On 2/22/07, David Gerard dgerard@gmail.com wrote:
The main problem with any form of archiving is that it's the busiest
pages that need it, and the busiest pages tend to be controversial. So picking how to archive them is not so much a technical matter as politics. Date-based archiving is generally tolerable to most.
This doesnt replace date based Ordered archives. Im hoping that redundancy and plenty of cross linking between Topical archives (TA) and OA will keep people from disagreeing too much with the subjectivity that will go into forming readable TA.
-Stevertigo
stvrtg wrote:
On 2/22/07, David Gerard dgerard@gmail.com wrote:
The main problem with any form of archiving is that it's the busiest
pages that need it, and the busiest pages tend to be controversial. So picking how to archive them is not so much a technical matter as politics. Date-based archiving is generally tolerable to most.
This doesnt replace date based Ordered archives. Im hoping that redundancy and plenty of cross linking between Topical archives (TA) and OA will keep people from disagreeing too much with the subjectivity that will go into forming readable TA.
Refactoring was encouraged when Wikipedia was much smaller.
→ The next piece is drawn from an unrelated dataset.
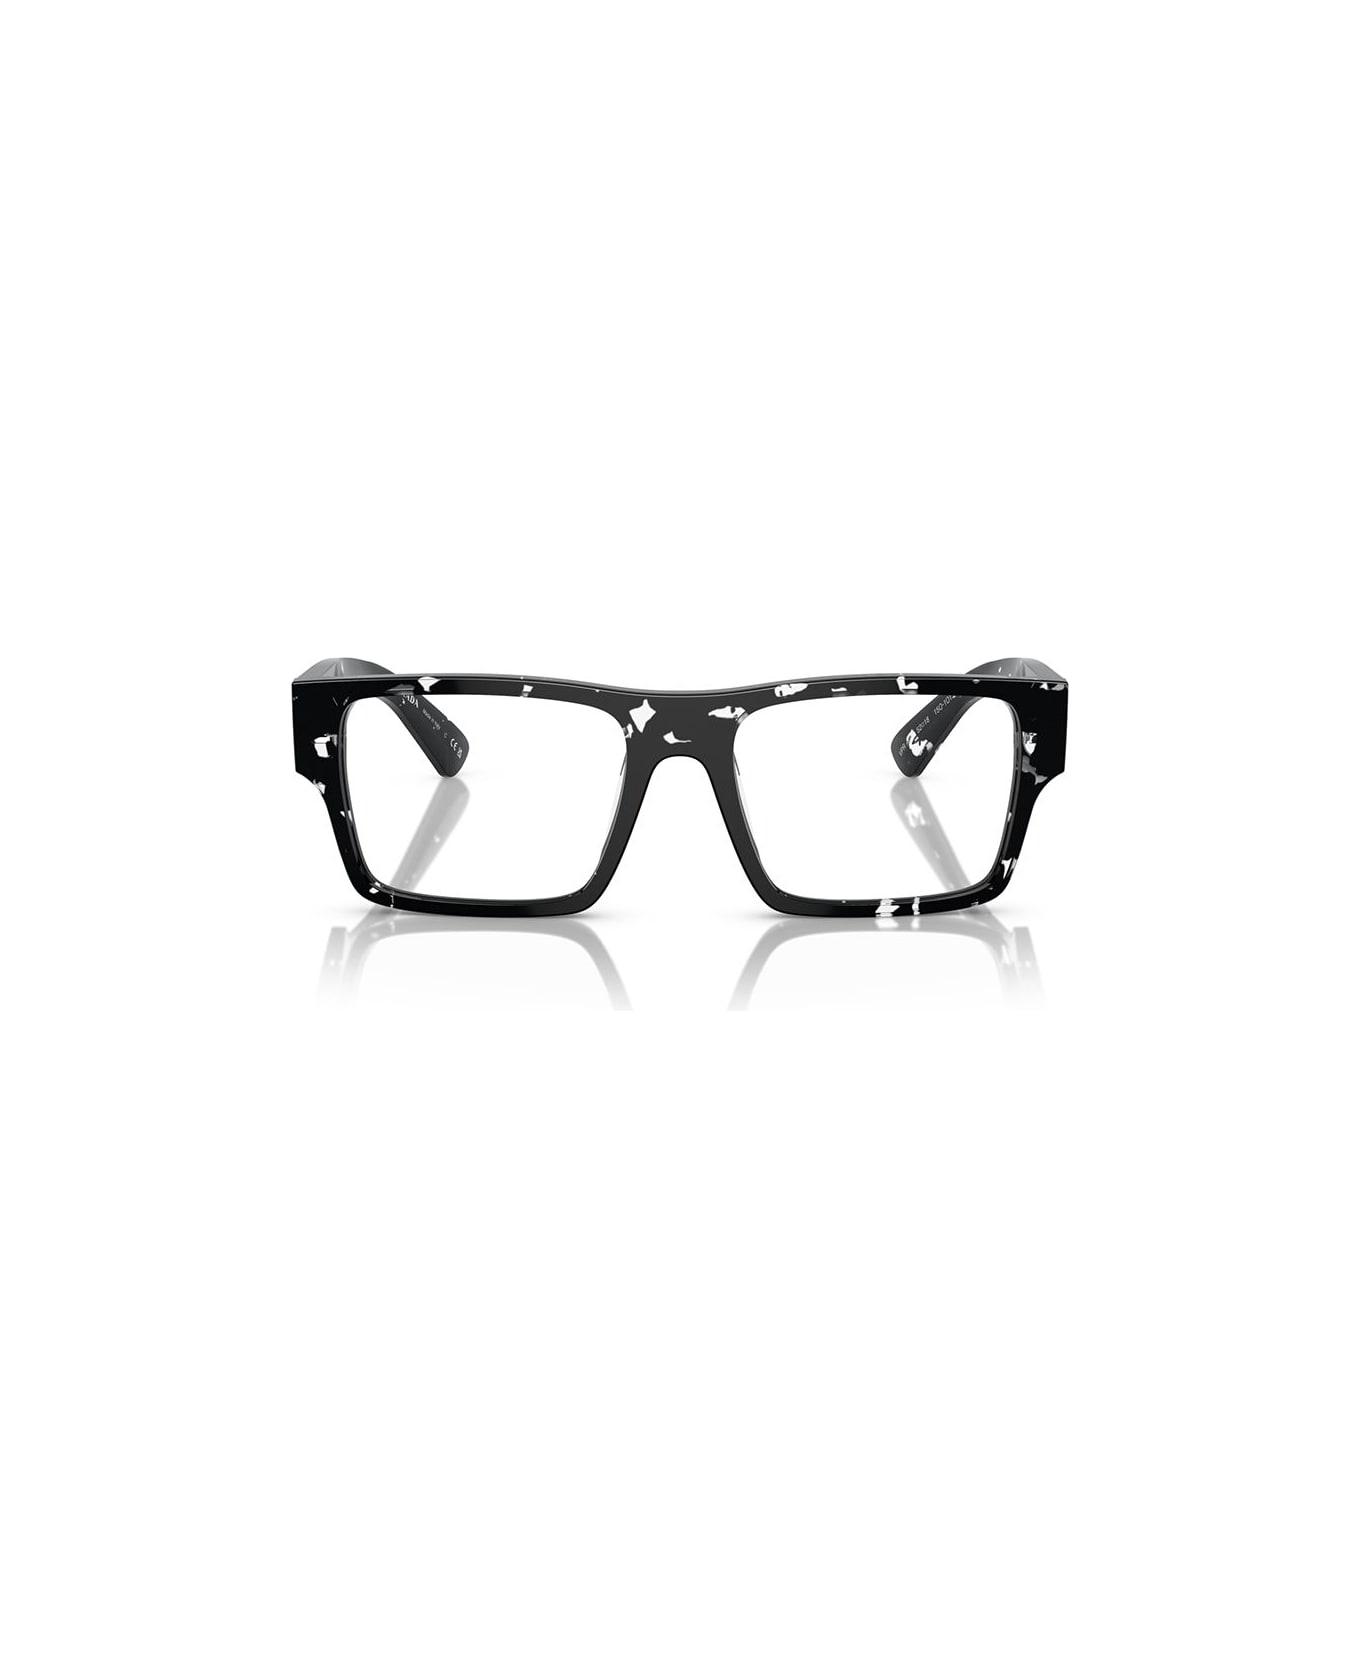 Prada Eyewear Glasses - 15O1O1

I remember trying it on a few pages, and it was a time consuming job. No wonder it fell into disfavour. Is there a Google-like way in which every click to or from a particular section of a talk page, and the recency of its edits could be used as a measure of its importance. The topical archive could then be ordered automatically according to those measures, with the most important ones at the top. When an talk page exceeds a predetermined number of kilobytes the program would put the less important excess on archive page(s).
As long as this idea depends heavily on manpower input I can't see it going very far.